You only get conflicts on the parts, that, well, conflict.

For instance, suppose branches A and B start out with v1 of this third-party library.

Then, on branch A (develop), you put in v2, and on branch B (master), you put in v3.

Now if you merge A into B or vice versa, git will compare "what happened on A" with "what happened on B".

Suppose some file F had this change in v1->v2:

 la la la
 this file has some stuff
+and we added a line

but then in v3 the added line was backed out again, so that file F is not modified at all from v1 to v3.

Combining branches A and B in any way will see that one branch changed F and the other did not, and hence keep this change.

(Where v3 modified the same file(s) as v2, but in a different and conflicting way, you will have gotten the conflict and been able to choose the "v3" version. Where v3 modified the files in a completely compatible way, e.g., a change from v1 to v2 was preserved into v3 so that v1-vs-v3 is the same as v1-vs-v2, you will get no conflict and will have the v3 version, but that's the same as having the v2 version.)

2: What to do about it

I don't know if you want to back out your merge, or just check in a new tree "post-merge" that has the latest version of the library.

To back out the merge, assuming you have not published it yet, use git reset (see Undo a Git merge?—be careful with reset --hard). You'll then have to re-do the merge, though, including resolving any conflicts outside the third-party library. For the third-party library part you get to cheat; read on. (You might want to save the merge temporarily, e.g., set a tag or extra branch name for it. You can then check out various merged files in the same way you will below, just, using this other name.)

To leave the merge in place and just add a new commit, skip over the "back out the merge, then do it over again" part. :-)

Now that you are either back in the semi-merged state or just ready to update the library, you just need to replace all the files in that directory (it sounds like it's confined to some sub-directory, I've used dir/with/lib3 below). To do so:

git rm -r dir/with/lib3               # remove entire 3rd party library ...
git checkout master -- dir/with/lib3  # and then re-create it from master

The second command, the git checkout with a branch name (master) and one or more paths (here dir/with/lib3), tells git to extract the named file(s) and/or directory/ies from the named branch, into the current work directory via—this is important—the staging area ("index").

In this case, for every file that exists in the tip of branch master that lives under dir/with/lib3, git will simultaneously:

  • add the master branch version of the file to the index, and
  • put that master branch version in place in the working directory.
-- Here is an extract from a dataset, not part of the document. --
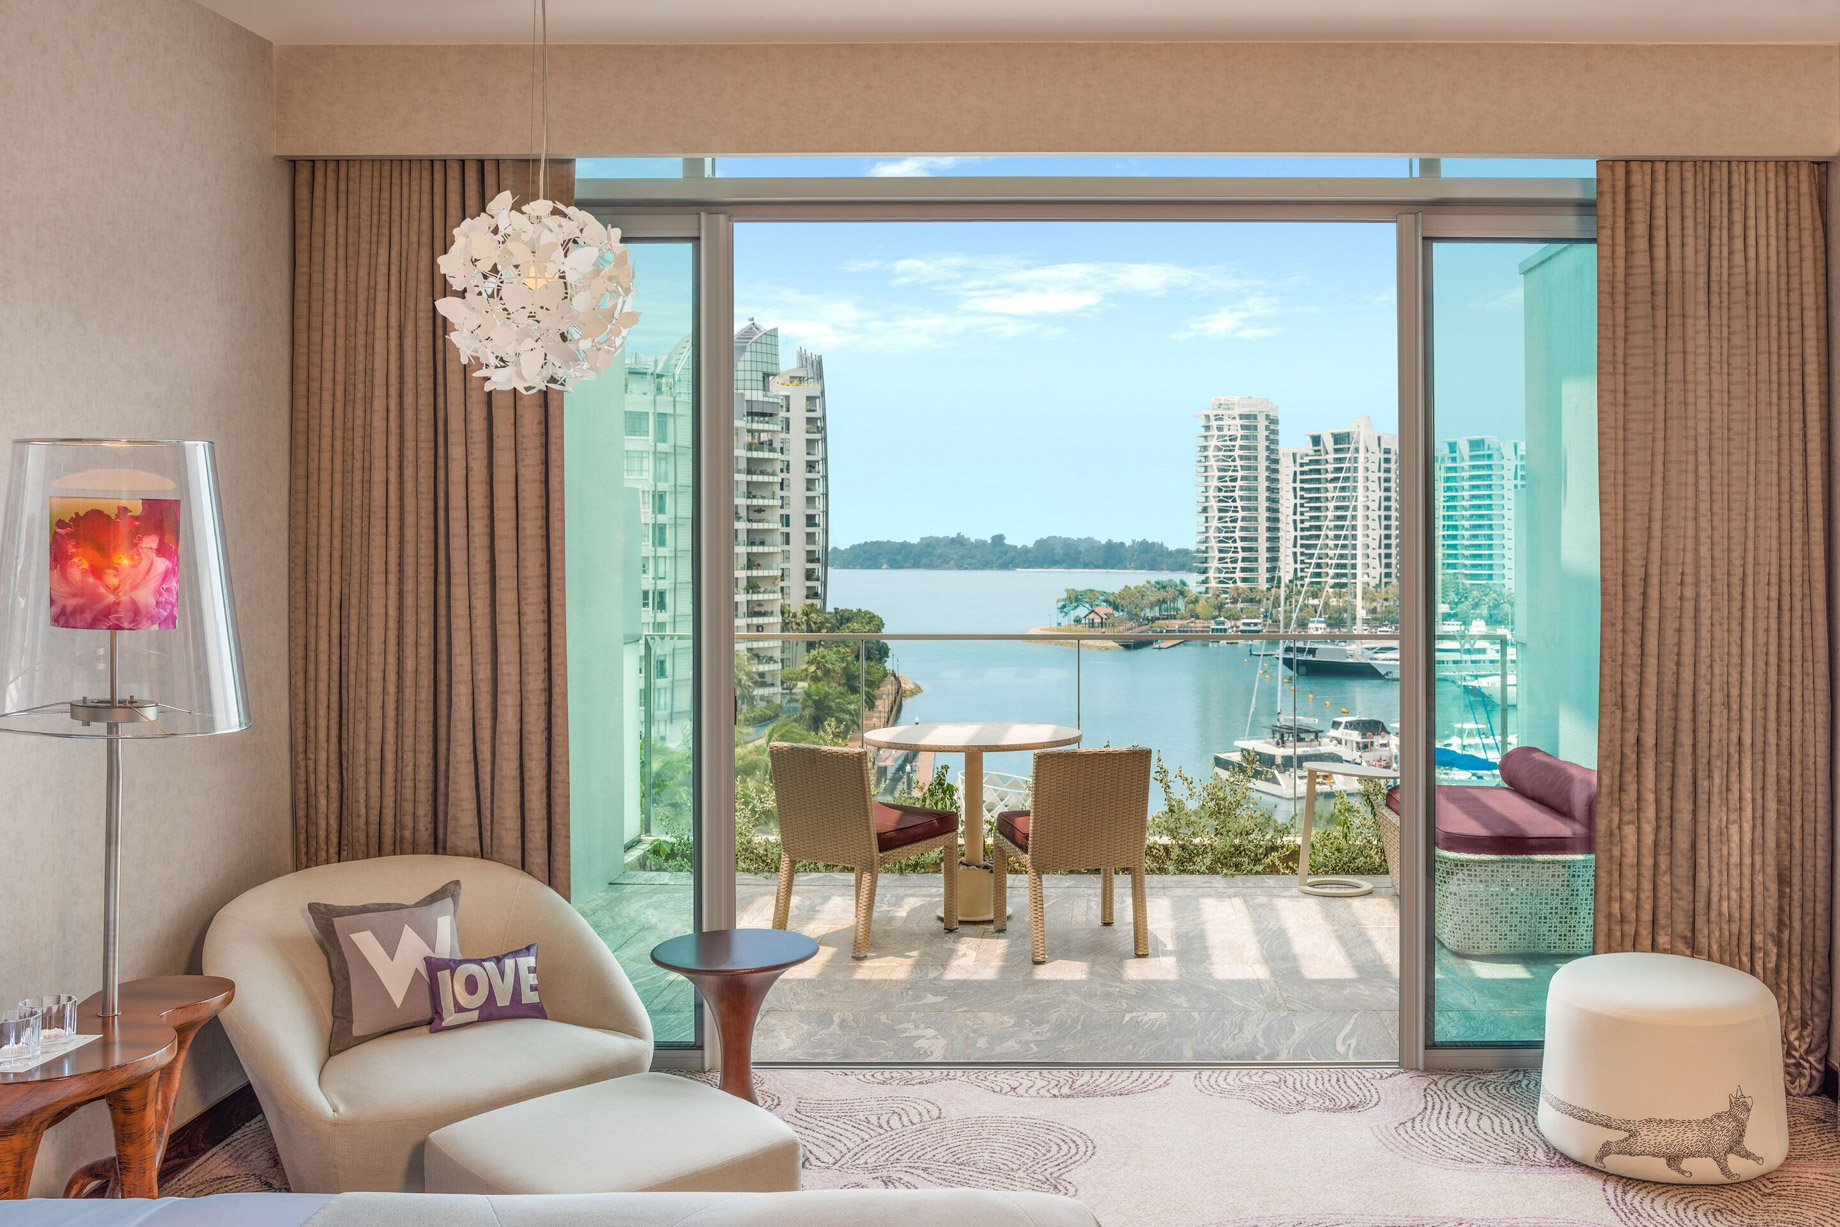 W Singapore Sentosa Cove Hotel - Singapore - Fabulous Guest Room Balcony

(That's why this same trick can be used to grab the already-merged version out of a temporary tag or branch name set on the earlier merge you are resetting, if you are resetting. Git will just extract the named file(s) from the named revision, via the staging-area. This makes re-doing the merge a lot easier!)

Finally, run any tests and fix regressions or problems; use git status as usual to make sure everything is ready to check in; and once it is, run git commit to commit the new version.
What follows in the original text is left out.